Canadian economist, researcher and professor

Janet Tai Landa is a Canadian economist, researcher and professor at York University, Toronto. She teaches the law and economics of public choice to undergraduate and graduate students. The aim of her research, for more than two decades, has been the law and economic analysis of legal institutions including culture – she investigated how the social order is achieved through social norms that are embodied in ethnic commerce networks and the exchange of gifts. She published numerous research papers on the trust, ethnicity and identity of Chinese merchants in Southeast Asia, which have been the central theme of her work on the "economy of identity." Landa's work had been praised as an important contribution to the new institutional economics literature by Journal of Institutional and Theoretical Economics. Landa is also the founder and chief editor of Bioeconomics Journal, an international research journal that integrates biology into economics, a journal she launched in 1999 at Kluwer Academic Publishers and now published by Springer.

== Economic philosophy ==
Economics often assumes an impersonal market, and the specific identity of buyers and sellers is not related to transactions, but is this really the case? Janet Tai Landa's researches aims to evolve around the core question: How does specific identity of buyers and sellers are related to transactions in economics.

As early as 1978, Janet Tai Landa published her thesis, The economics of the ethnically homogeneous middleman group: A property rights-public choice approach, at the Polytechnic University of Virginia, in which she had integrated the following factors: identity, trust, clan, religion, and symbols. Her papers were then published in the Journal of Legal Studies in 1981 and 1983, respectively. In both papers, she used the economic models to express her own thoughts. In general, Landa notes that real-life transactions are full of risks, and if two parties cannot negotiate to guarantee the performance of the contract, it would very inefficient. In her paper, she sees buyers and sellers as economic clubs — expanding the size of the club will bring more trading opportunities, but it will also increase the difficulty of supervision. However, the emergence of identity and clan can solve this problem. As Landa pointed out: on the one hand, the meaning of identity is that everyone can identify this person, understand his/her history, and assess his/her probability of default. In this sense, identity carries a reputation; on the other hand, individuals with the same identity form a group, and transactions take place within the group. She is particularly concerned about the Chinese business associations in Southeast Asia.
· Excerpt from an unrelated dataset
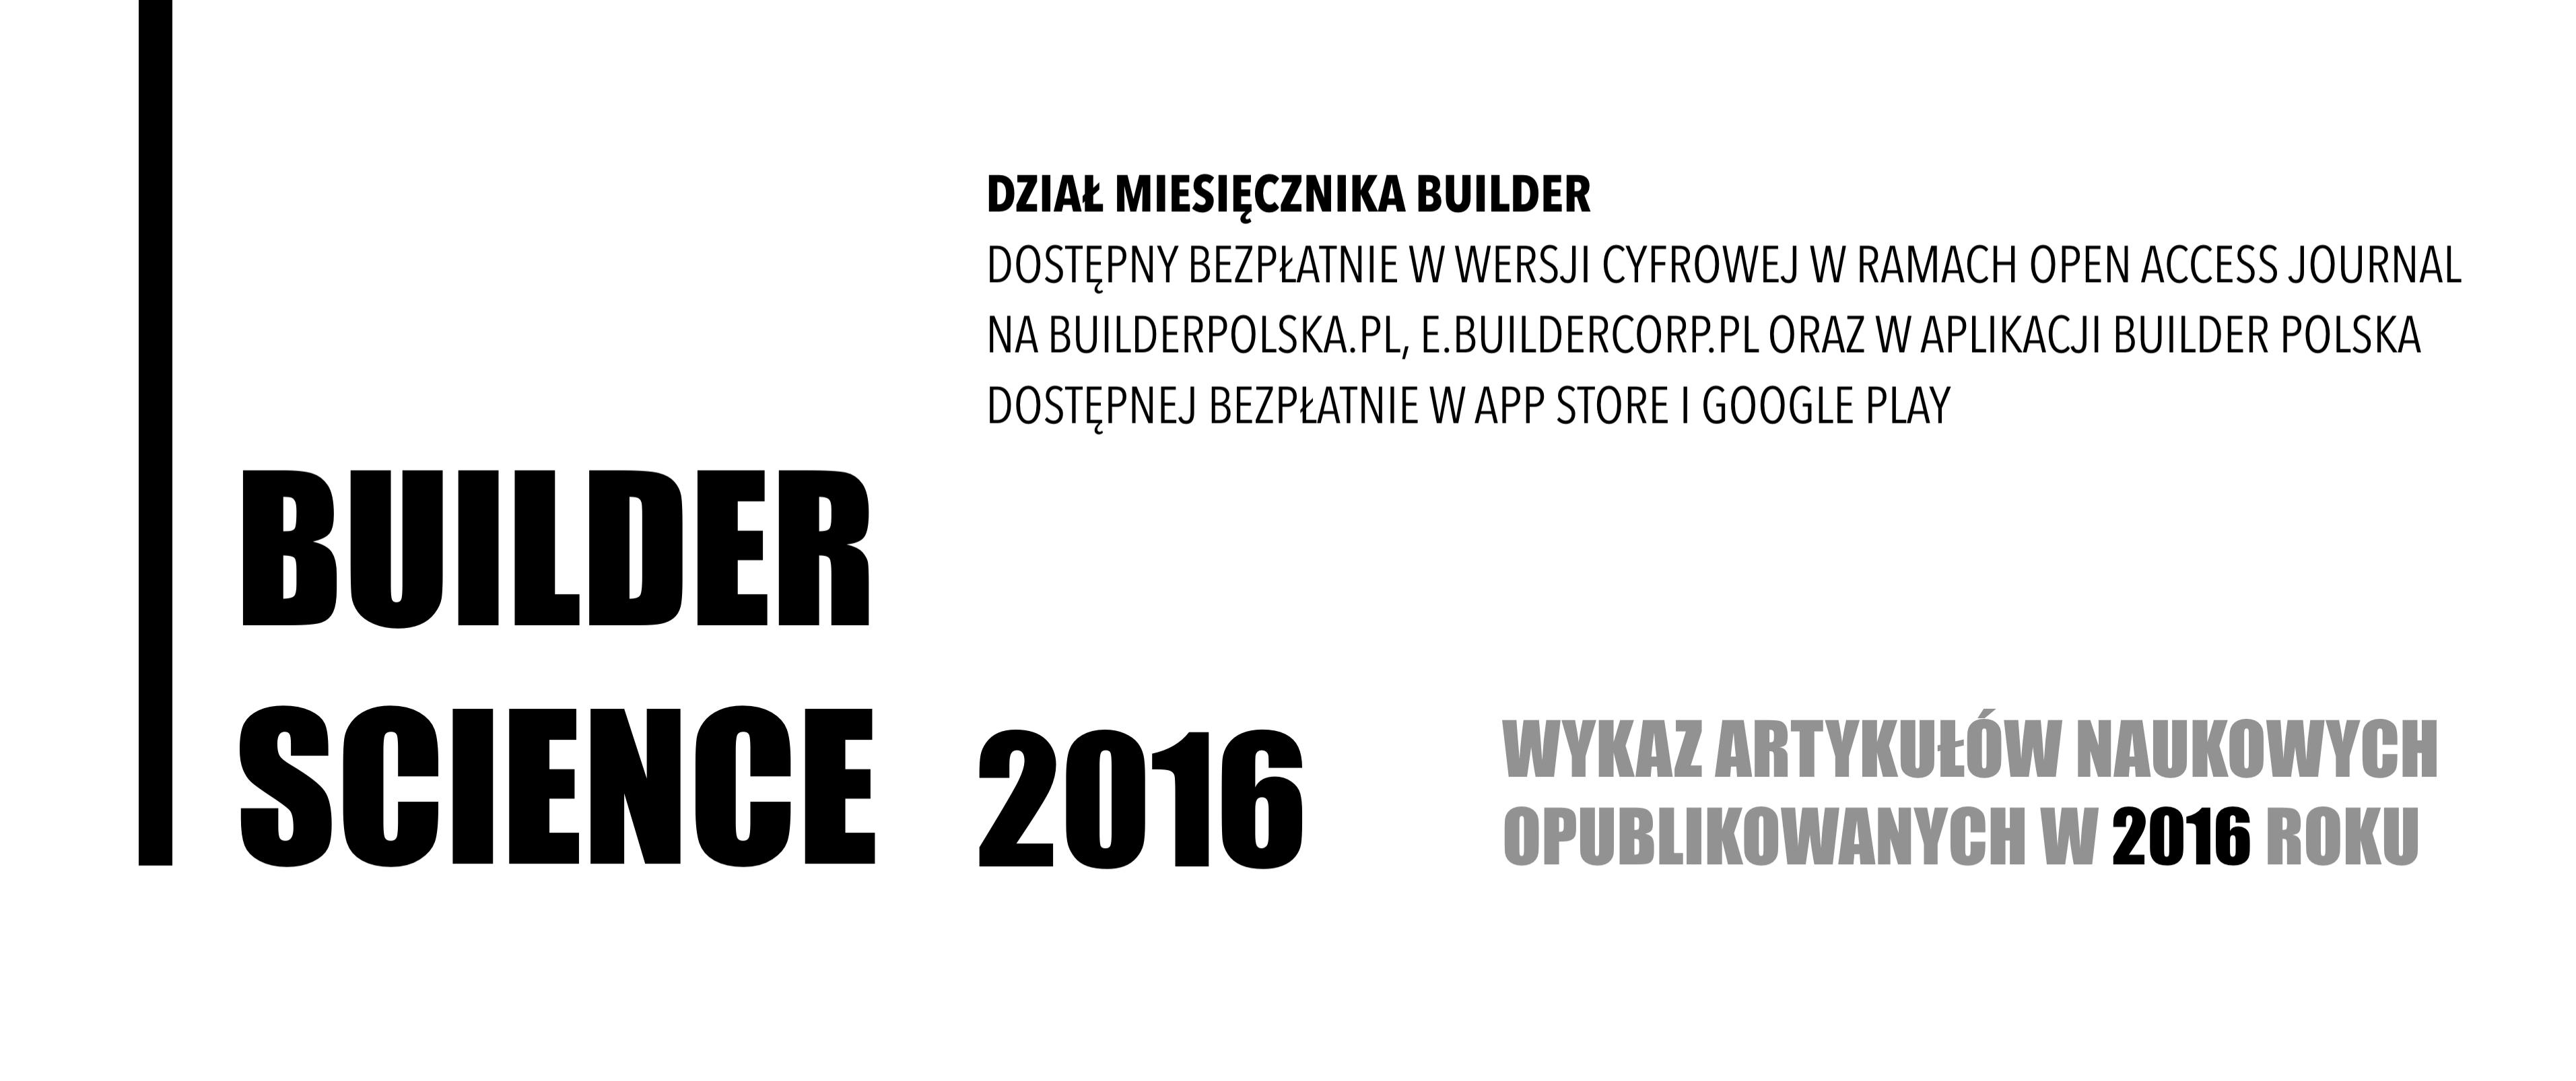 BUILDER SCIENCE 2016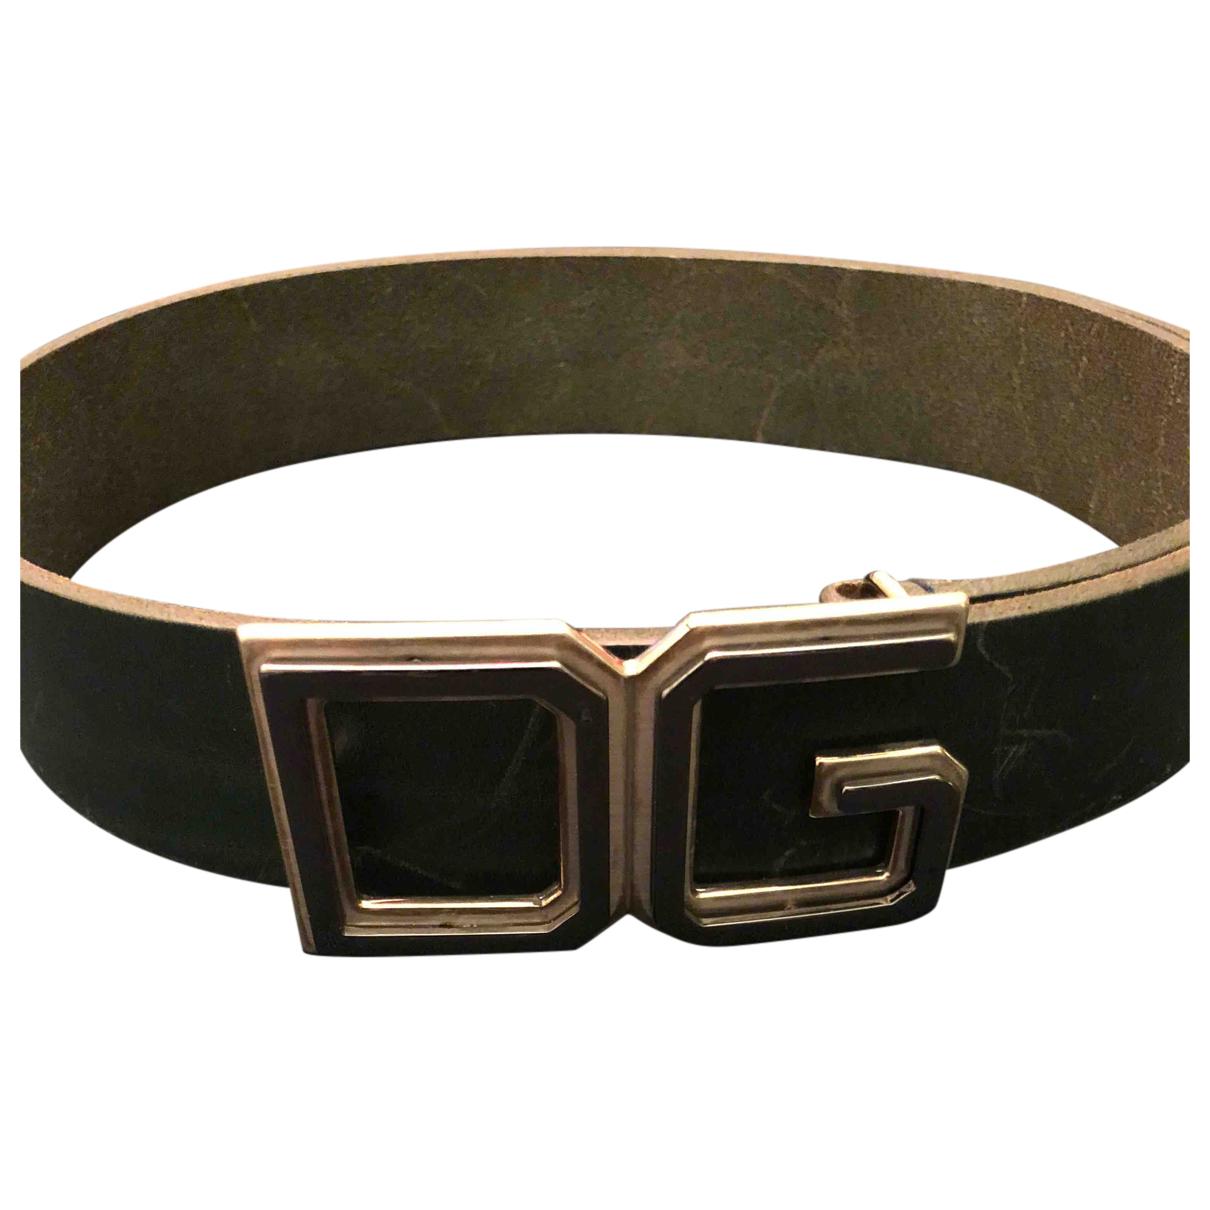 Dolce & Gabbana N Green Leather belt for Men 100 cm

The way they do business is exactly the opposite of economic assumptions – which is highly dependent on personal identity. This is not a unique phenomenon of the Chinese, according to her studies, the medieval Medici family, the Jews have history to differentiating buyers and sellers according to identities. For example, Jewish businessmen active in New York and Antwerp have monopolized the worldwide diamond business as their business activities are strictly limited to Jewish interior network. Even though Jews are scattered around the world, their faith in the Jewish tradition of rituals has never changed.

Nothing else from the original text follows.